Key Finding
Botulinum toxin type A combined with acupuncture showed the highest efficacy for improving facial disability index (SUCRA=0.90) in post-stroke central facial paralysis patients.
Researchers analyzed 22 studies involving 1,888 stroke patients to compare different acupuncture methods for treating facial paralysis that occurs after a stroke. Central facial paralysis is a common complication that affects one side of the face, making it difficult to smile, close the eye, or control facial movements, significantly impacting quality of life.
The study compared eight different acupuncture approaches, including traditional acupuncture, scalp acupuncture, fire needling, and various combination treatments. Researchers evaluated both objective improvement rates and patients' own assessments of facial function using standardized scales.

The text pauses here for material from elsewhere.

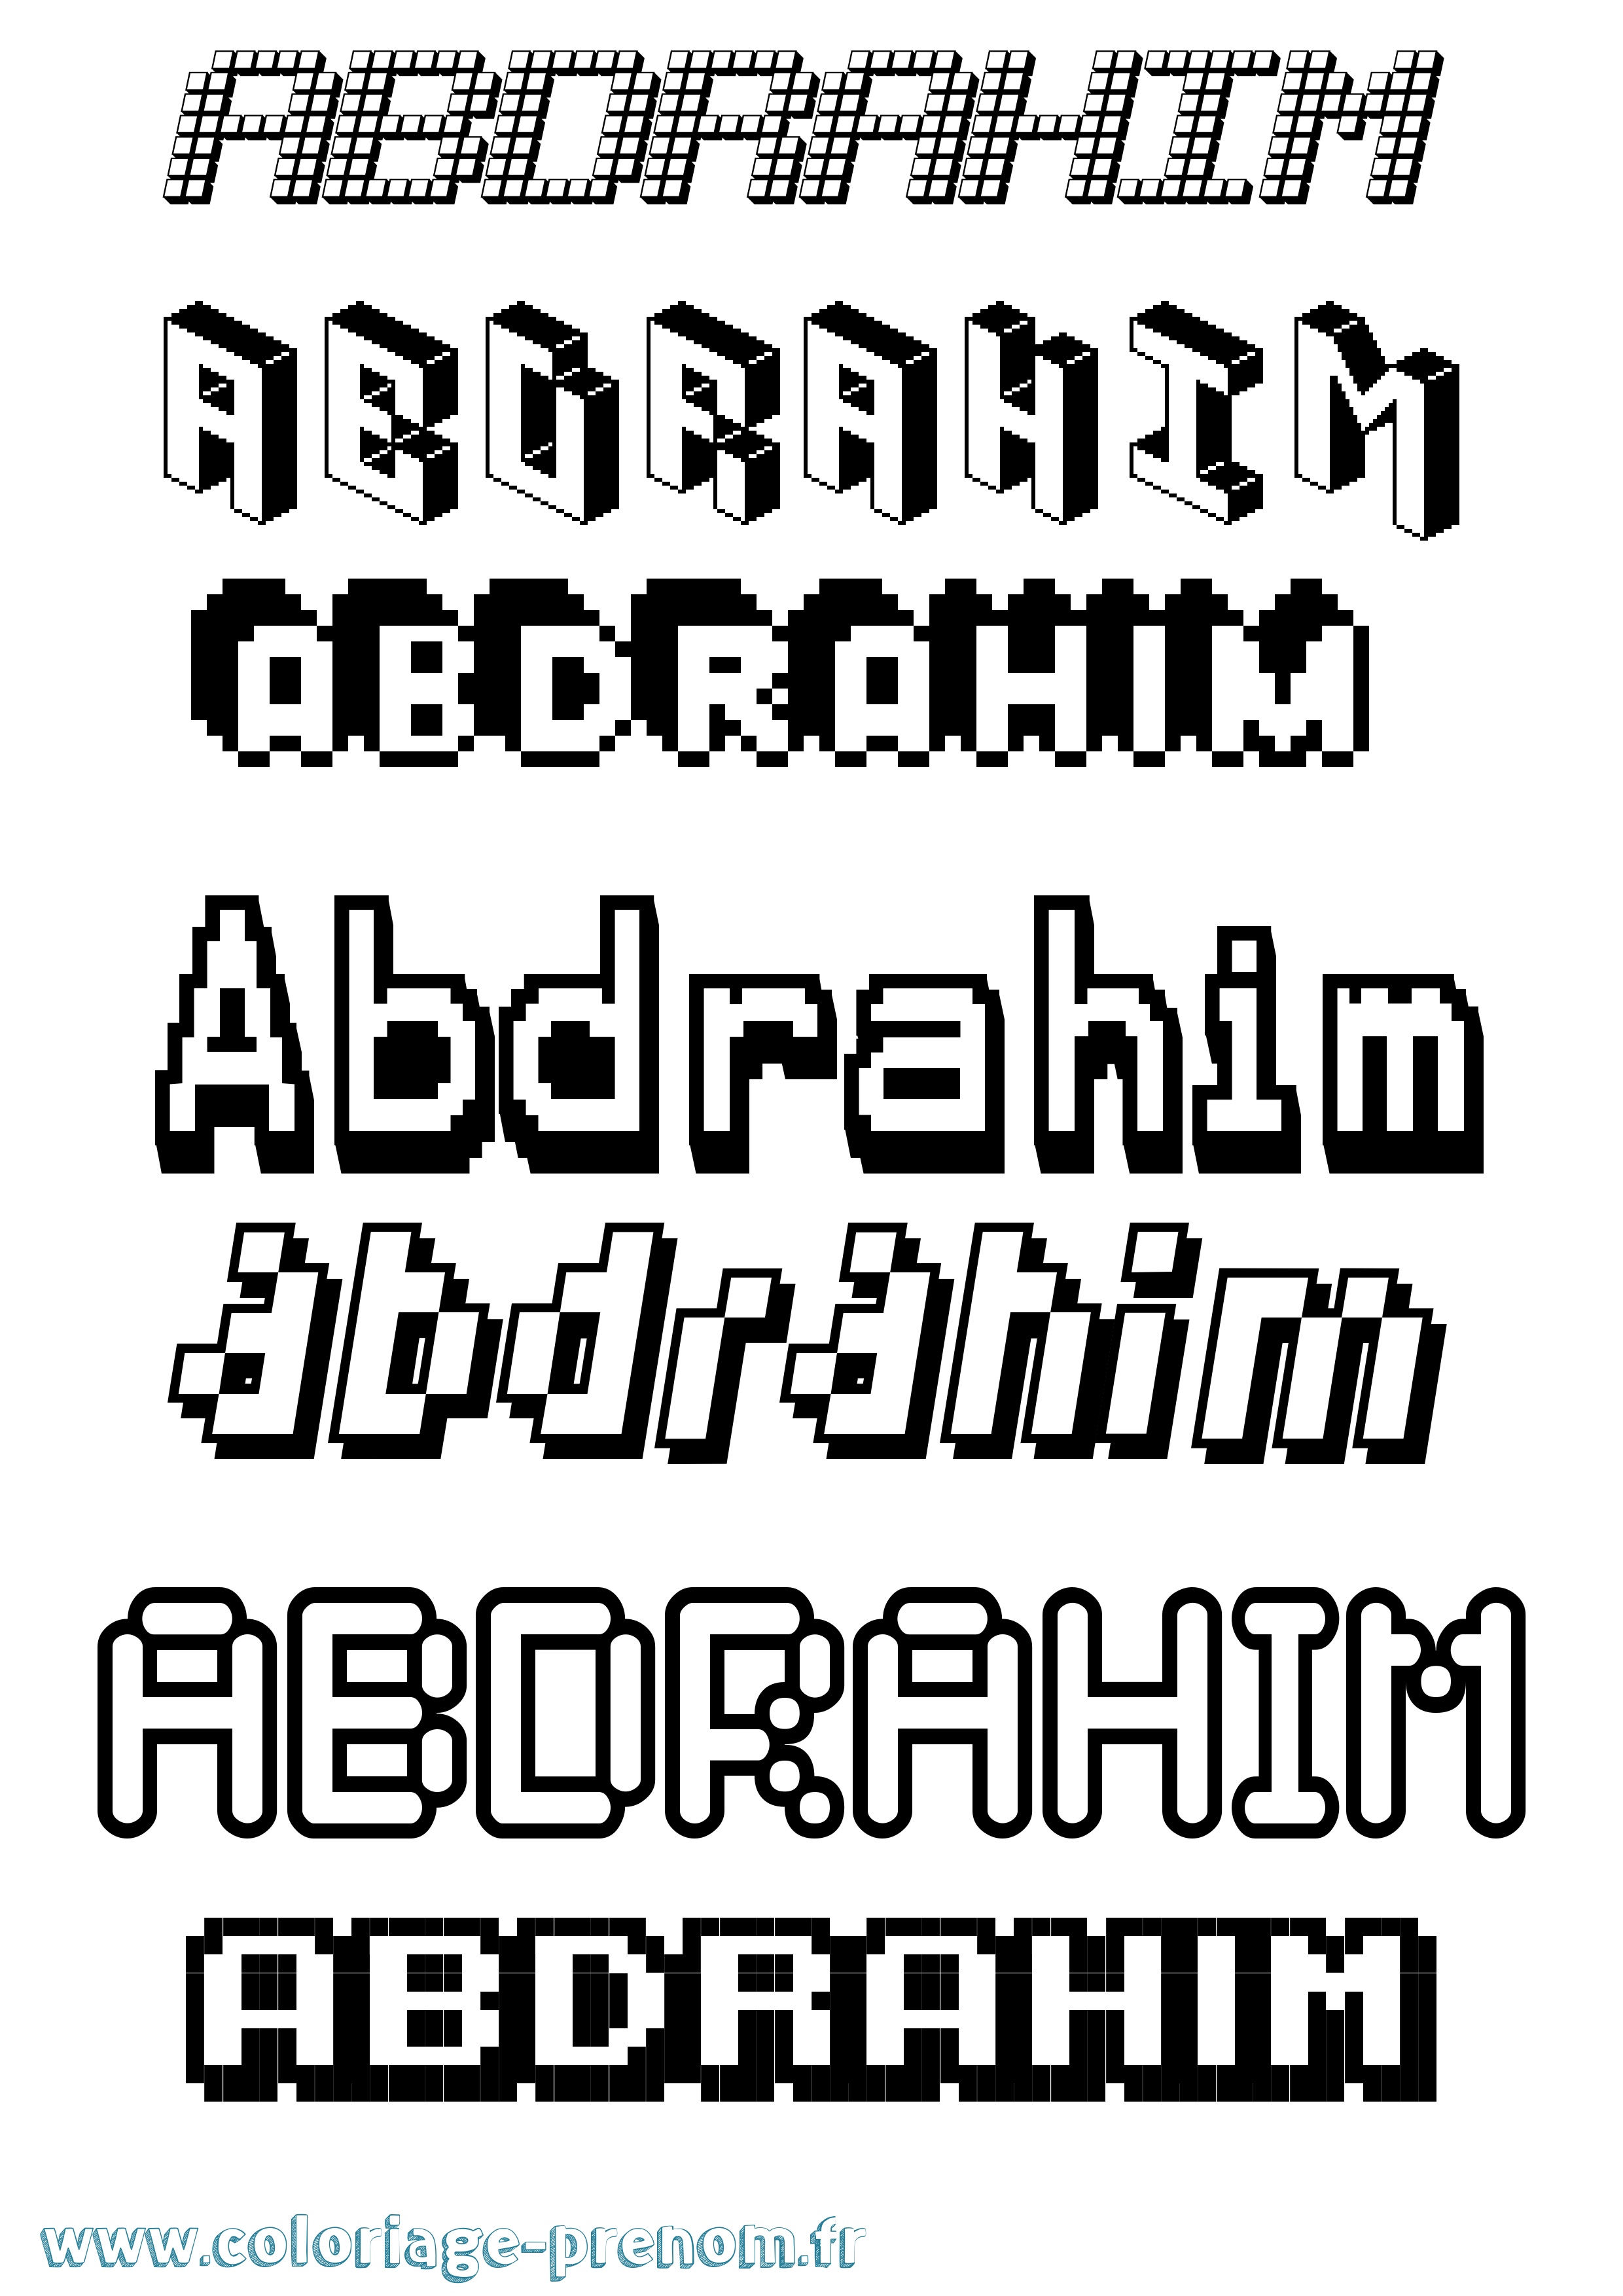 Coloriage prénom Abdrahim Pixel

Key findings showed that different acupuncture methods offered distinct advantages. When combined with conventional medical treatment or traditional Chinese medicine, acupuncture showed the strongest results for overall improvement. Fire needle therapy and scalp acupuncture performed particularly well using traditional Chinese medicine assessment criteria. For improving patients' day-to-day facial function and quality of life, combining botulinum toxin (Botox) with acupuncture showed the most promising results.
The most commonly used acupuncture points across successful treatments included Hegu (on the hand), Dicang (near the mouth), and Jiache (along the jaw). The analysis found low variation between studies and approximately 70% of the evidence was considered moderate to high quality, lending credibility to the findings.
This research supports acupuncture as a safe and cost-effective complementary treatment option for post-stroke facial paralysis. The study suggests that acupuncture therapy can be tailored to individual patient needs, with different techniques offering specific benefits. If you're considering acupuncture for post-stroke facial paralysis, consult with a licensed acupuncturist experienced in treating neurological conditions.
This network meta-analysis of 22 RCTs (n=1,888) compared eight acupuncture interventions for post-stroke central facial paralysis using total effective rate (TER) and facial disability index (FDI) as primary outcomes. Analysis was stratified by assessment criteria (House-Brackmann vs. TCM standards).
Using HB criteria (9 studies), acupuncture combined with conventional treatment ranked highest (SUCRA=0.84), followed by acupuncture with TCM (SUCRA=0.73) and penetrating needling with moxibustion (SUCRA=0.68). Under TCM criteria (10 studies), fire needle (SUCRA=0.82), acupuncture with TCM (SUCRA=0.79), and scalp acupuncture (SUCRA=0.78) showed superior efficacy.
For FDI improvement (15 studies), botulinum toxin A combined with acupuncture demonstrated optimal results (SUCRA=0.90), followed by cupping with acupuncture (SUCRA=0.81). Core point selection centered on Hegu, Dicang, and Jiache. Approximately 70% of evidence quality was moderate or higher. Low heterogeneity and no publication bias were detected.
Clinical takeaway: Acupuncture modality selection should be individualized based on assessment criteria and treatment goals, with combination approaches showing enhanced efficacy over monotherapy.